In his Thursday announcement, Wheeler said that officers need to use something different to address the nightly violence, but he didn’t make a suggestion.
To that, the bureau responded, “No one has presented a solution of how officers can stop a rioting group who are threatening the lives of those present, especially given that in most of these cases, officers are clearly outnumbered, sometimes by hundreds.”
If we’ve learned anything in the past few months, it’s that people who assault police officers and set buildings ablaze, if championing a social justice cause, are shown incredible deference by sympathetic public officials.
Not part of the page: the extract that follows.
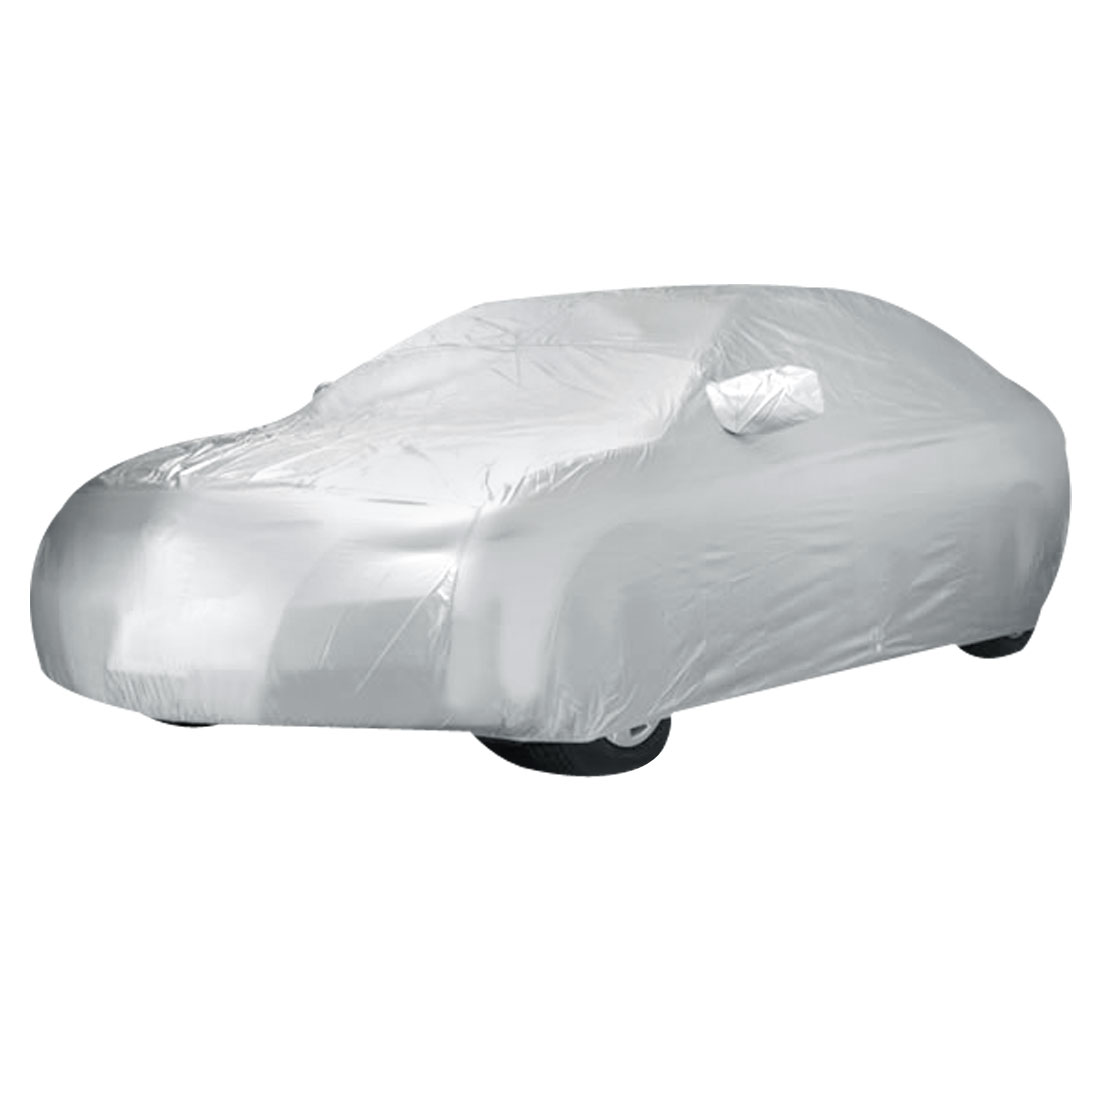 Outdoor Anti Dust Rain Snow Waterproof Gray Saloon Sedan Car Cover Size XXL 5350*2000*1600 (L*W*H)

Police officers in cities that have seen such violence (Portland is the prime example) have been given little such deference.
The bureau acknowledged that using CS gas is undesirable, though the thing to recognize is that officers would not be in the position of using gas at all if Portland weren’t being subjected to disruptions, which often become riots, nightly. That they should be expected to prevent arson, vandalism, and violence and to arrest perpetrators, all while being assaulted with fireworks and hard projectiles, but not be permitted to use the methods at their disposal when necessary doesn’t bode well for Portland. It’s not fair to officers, either.
Policing conversations need to be had, though when gatherings descend into riots, police serve as the only barrier between bad outcomes and terrible or deadly outcomes.